◆ TASK ITEM
Exclude the pictures and repeat all of the data exactly.

◆ DATASET SECTION
---

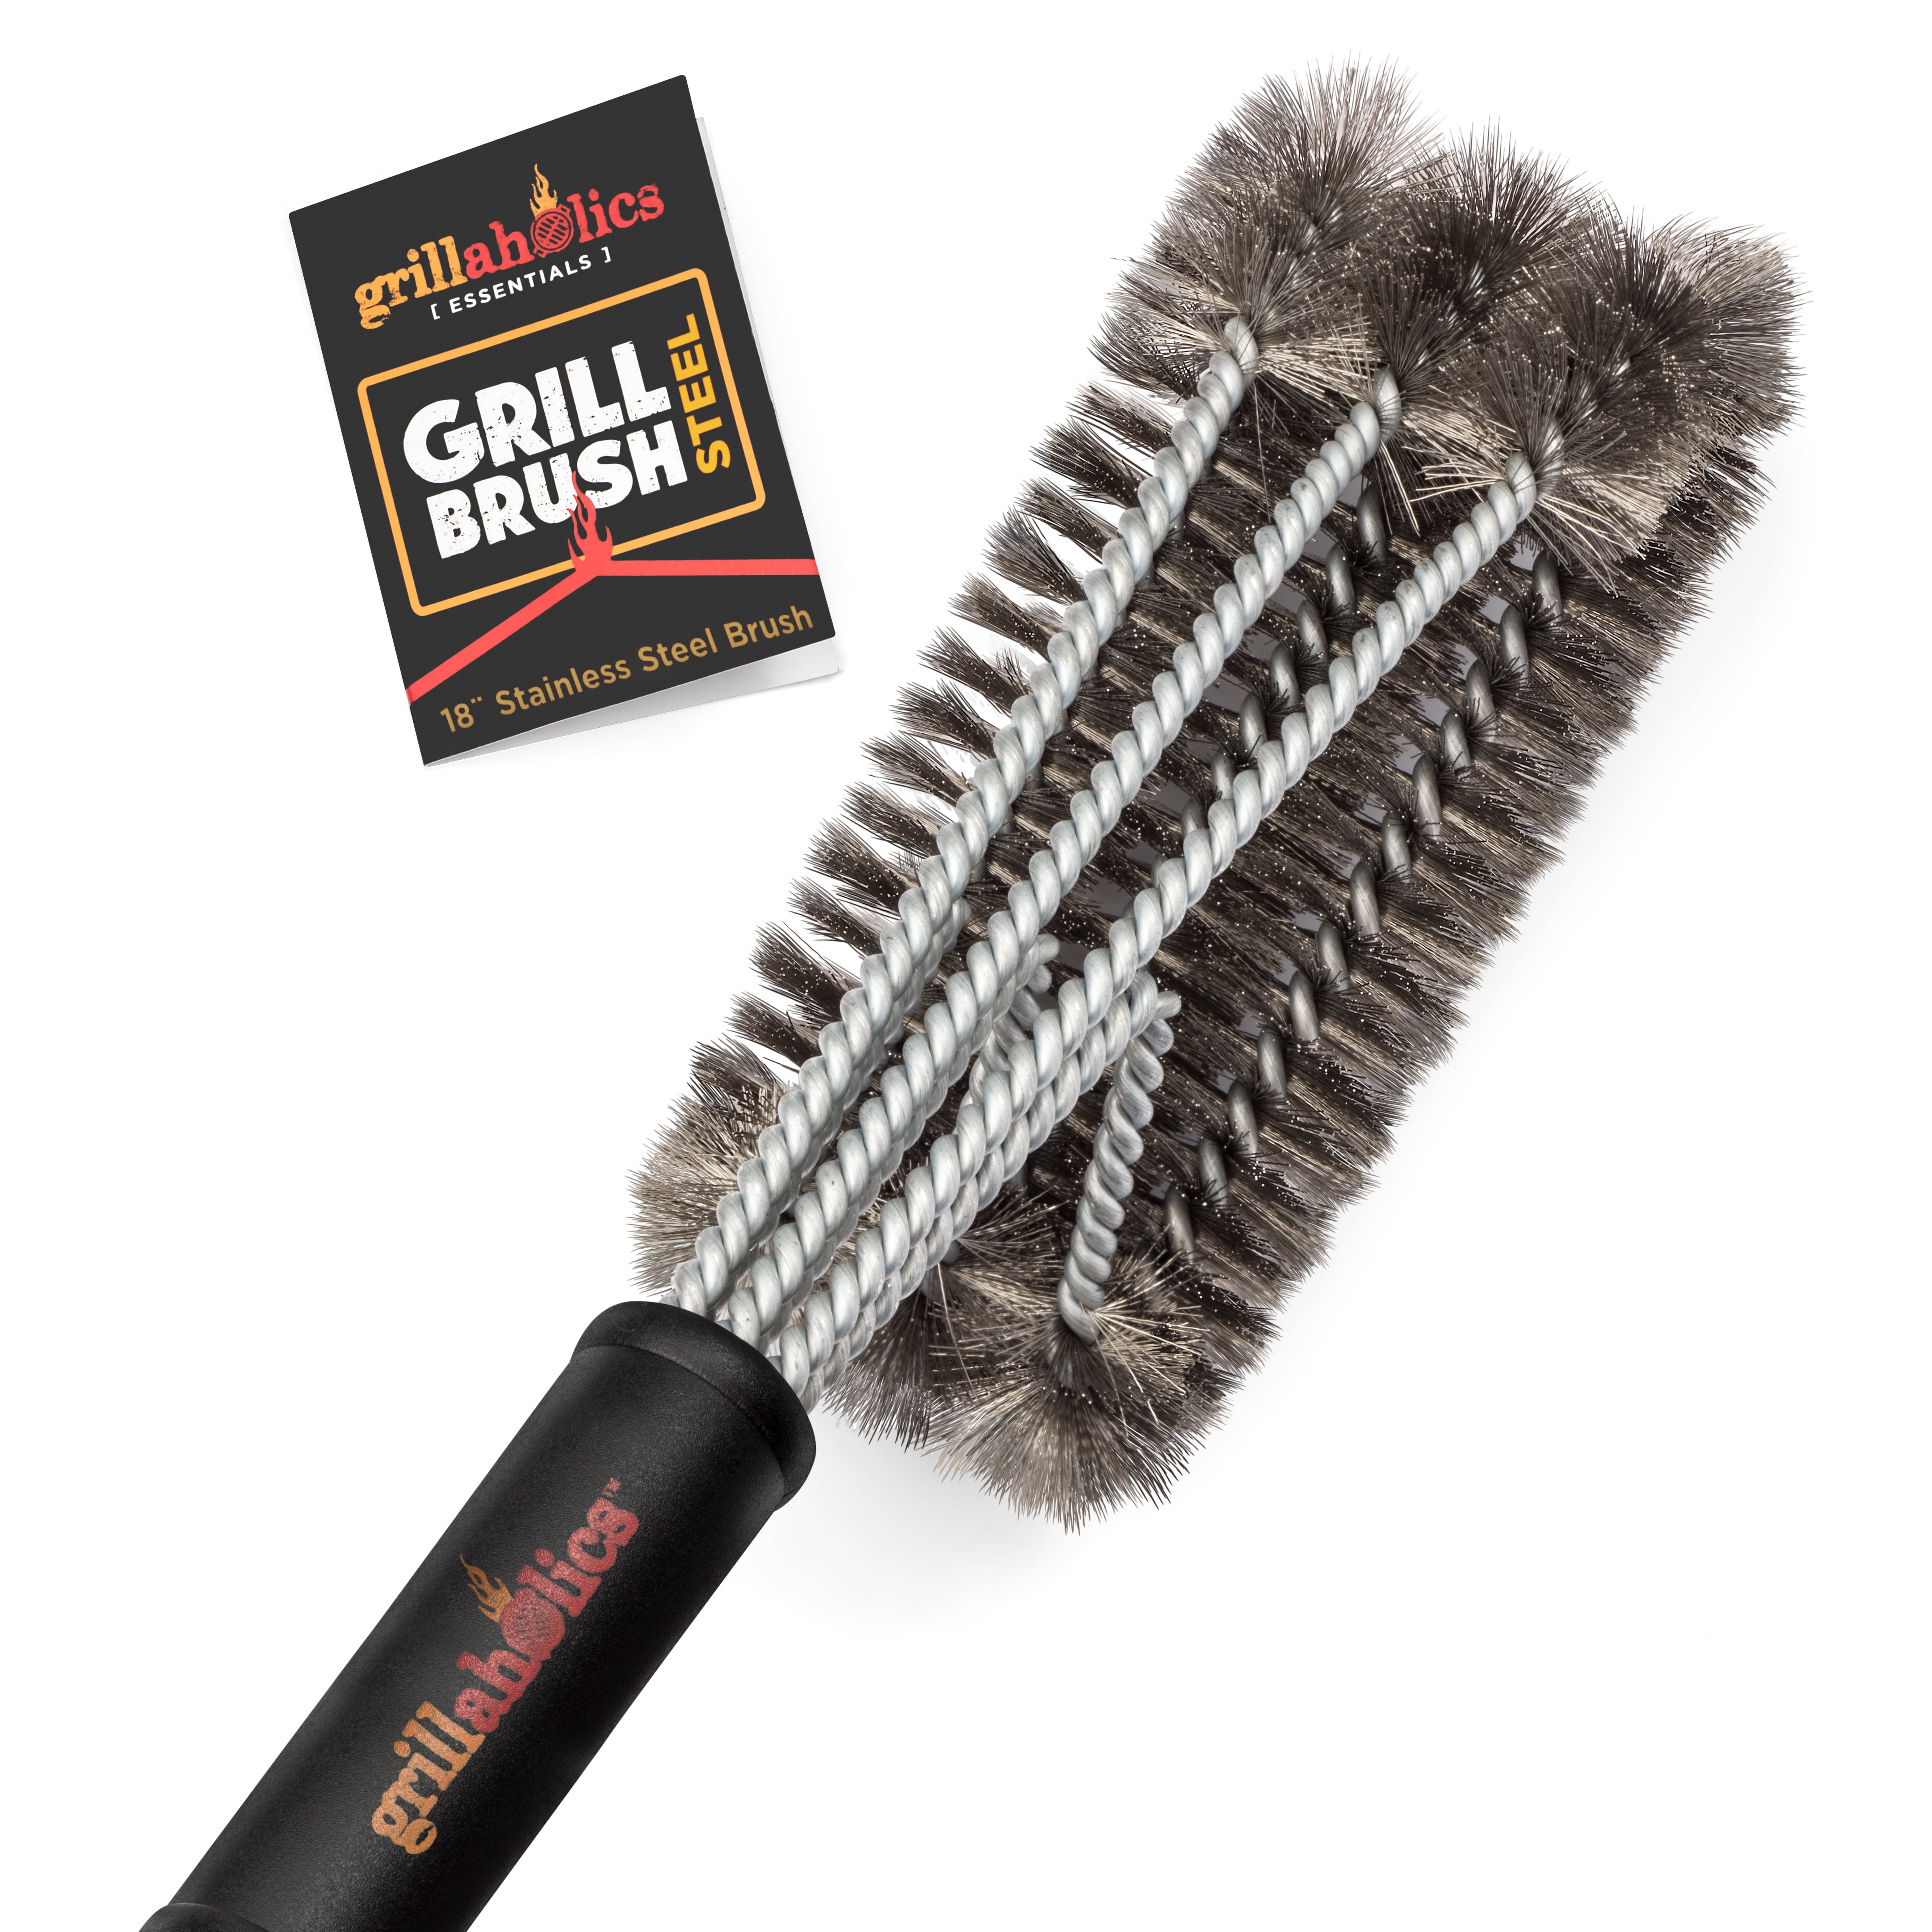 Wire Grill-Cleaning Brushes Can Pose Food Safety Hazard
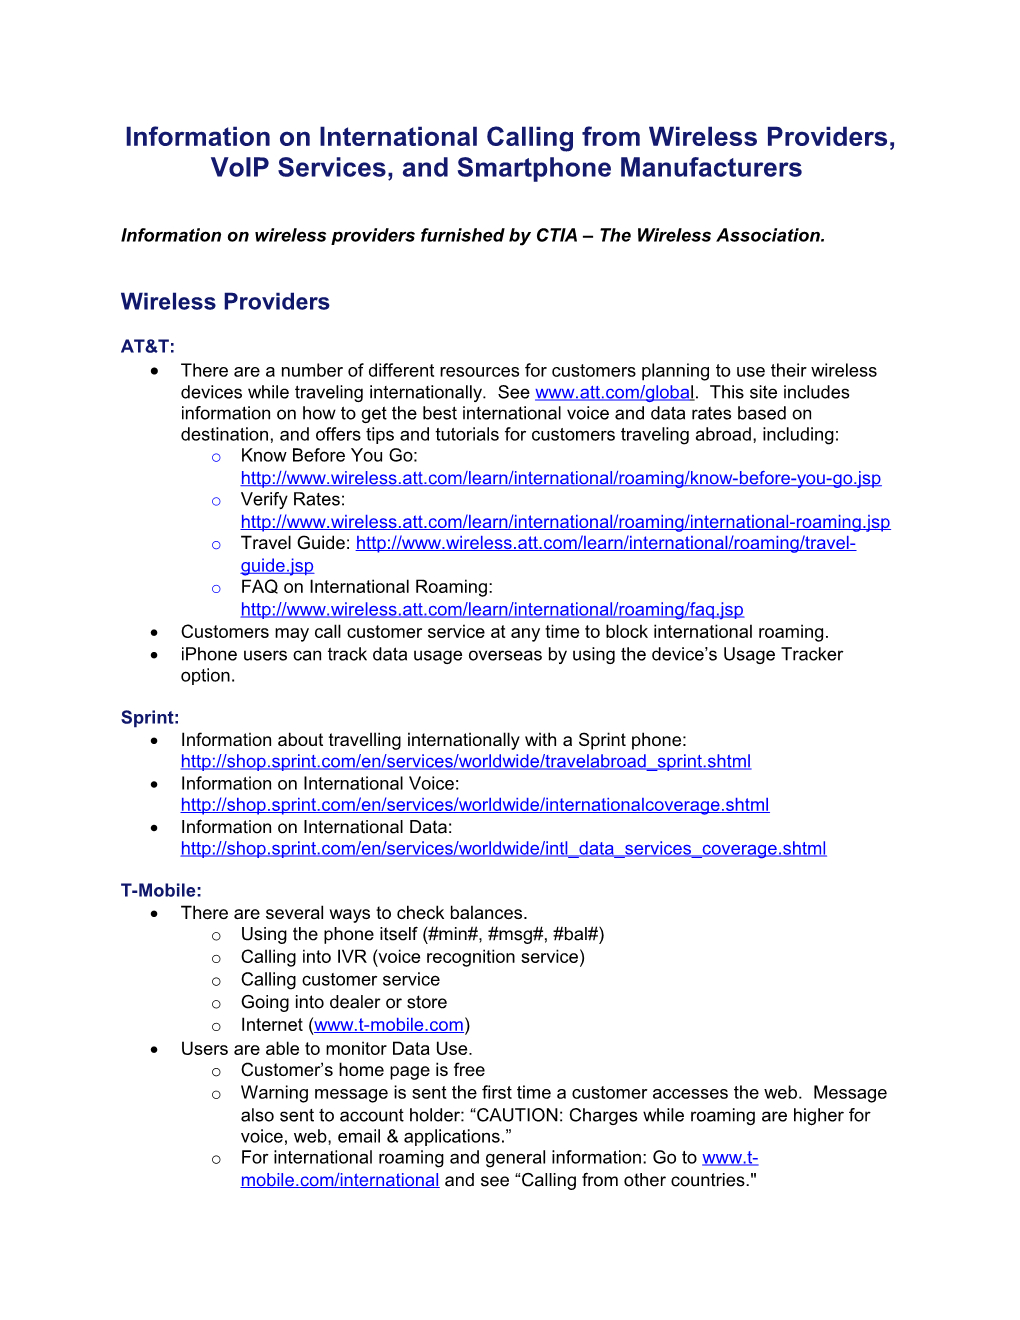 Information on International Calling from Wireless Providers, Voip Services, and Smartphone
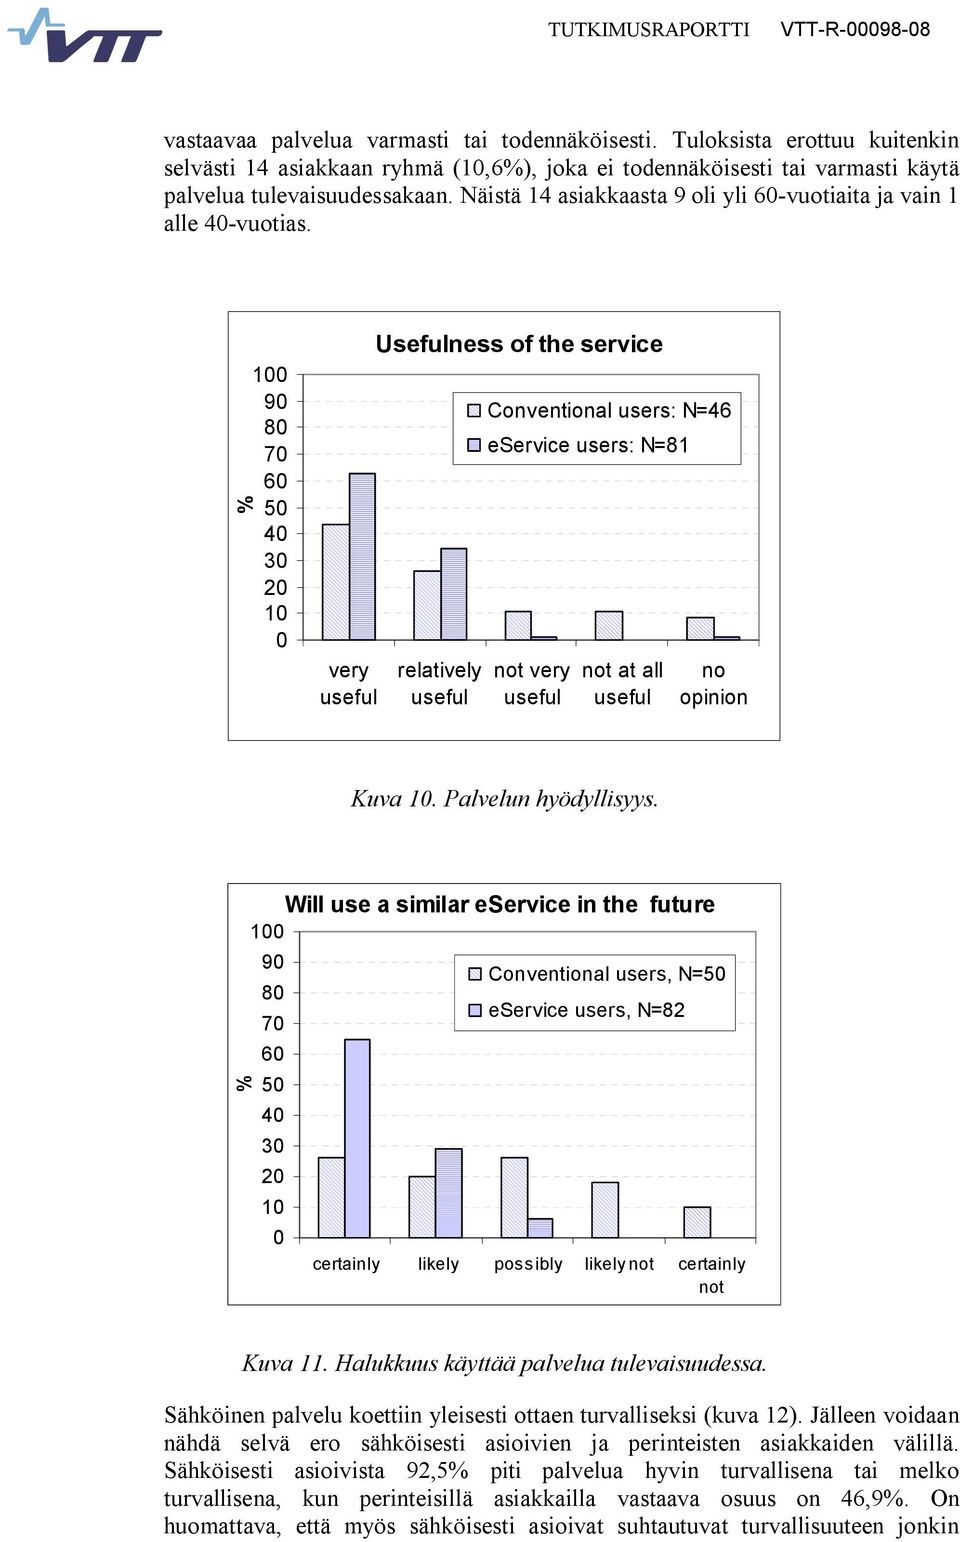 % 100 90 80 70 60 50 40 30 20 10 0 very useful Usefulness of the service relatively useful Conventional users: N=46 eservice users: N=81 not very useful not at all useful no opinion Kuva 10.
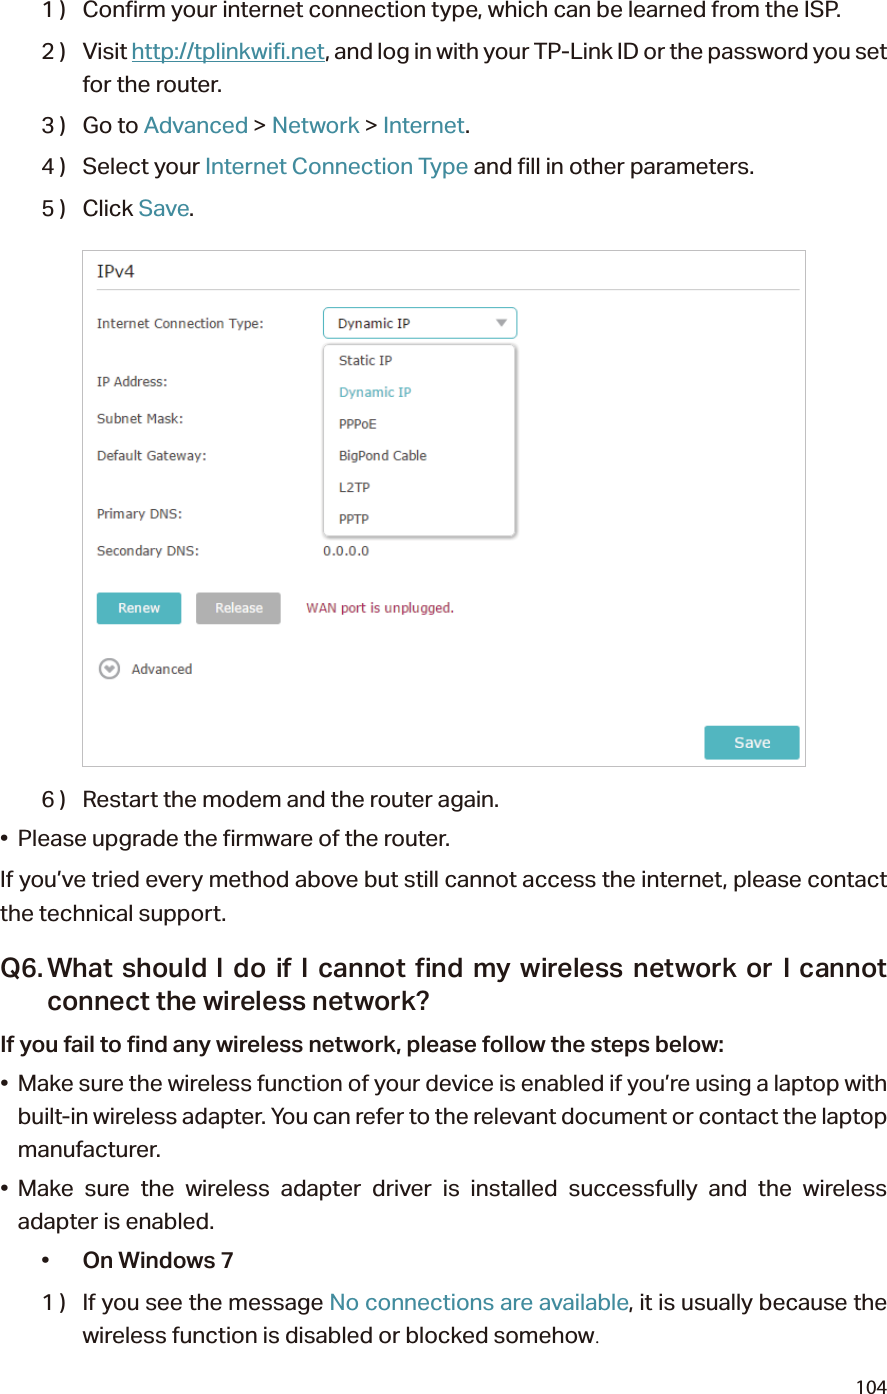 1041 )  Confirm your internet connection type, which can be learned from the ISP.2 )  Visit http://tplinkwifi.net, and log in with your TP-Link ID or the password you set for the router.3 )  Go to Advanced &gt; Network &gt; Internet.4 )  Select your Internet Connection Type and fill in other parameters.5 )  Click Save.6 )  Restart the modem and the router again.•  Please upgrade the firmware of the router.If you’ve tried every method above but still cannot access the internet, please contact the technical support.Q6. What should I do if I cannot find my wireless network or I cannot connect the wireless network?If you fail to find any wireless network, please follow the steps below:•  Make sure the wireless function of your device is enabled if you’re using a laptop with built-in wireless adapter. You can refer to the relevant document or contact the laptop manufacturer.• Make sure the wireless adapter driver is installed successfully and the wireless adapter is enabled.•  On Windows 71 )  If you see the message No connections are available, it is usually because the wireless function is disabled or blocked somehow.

---

◆ SOLUTION TO THE PROBLEM
 Wire Grill-Cleaning Brushes Can Pose Food Safety Hazard
 Information on International Calling from Wireless Providers, Voip Services, and Smartphone
 % 100 90 80 70 60 50 40 30 20 10 0 very useful Usefulness of the service relatively useful Conventional users: N=46 eservice users: N=81 not very useful not at all useful no opinion Kuva 10.
 1041 )  Confirm your internet connection type, which can be learned from the ISP.2 )  Visit http://tplinkwifi.net, and log in with your TP-Link ID or the password you set for the router.3 )  Go to Advanced &gt; Network &gt; Internet.4 )  Select your Internet Connection Type and fill in other parameters.5 )  Click Save.6 )  Restart the modem and the router again.•  Please upgrade the firmware of the router.If you’ve tried every method above but still cannot access the internet, please contact the technical support.Q6. What should I do if I cannot find my wireless network or I cannot connect the wireless network?If you fail to find any wireless network, please follow the steps below:•  Make sure the wireless function of your device is enabled if you’re using a laptop with built-in wireless adapter. You can refer to the relevant document or contact the laptop manufacturer.• Make sure the wireless adapter driver is installed successfully and the wireless adapter is enabled.•  On Windows 71 )  If you see the message No connections are available, it is usually because the wireless function is disabled or blocked somehow.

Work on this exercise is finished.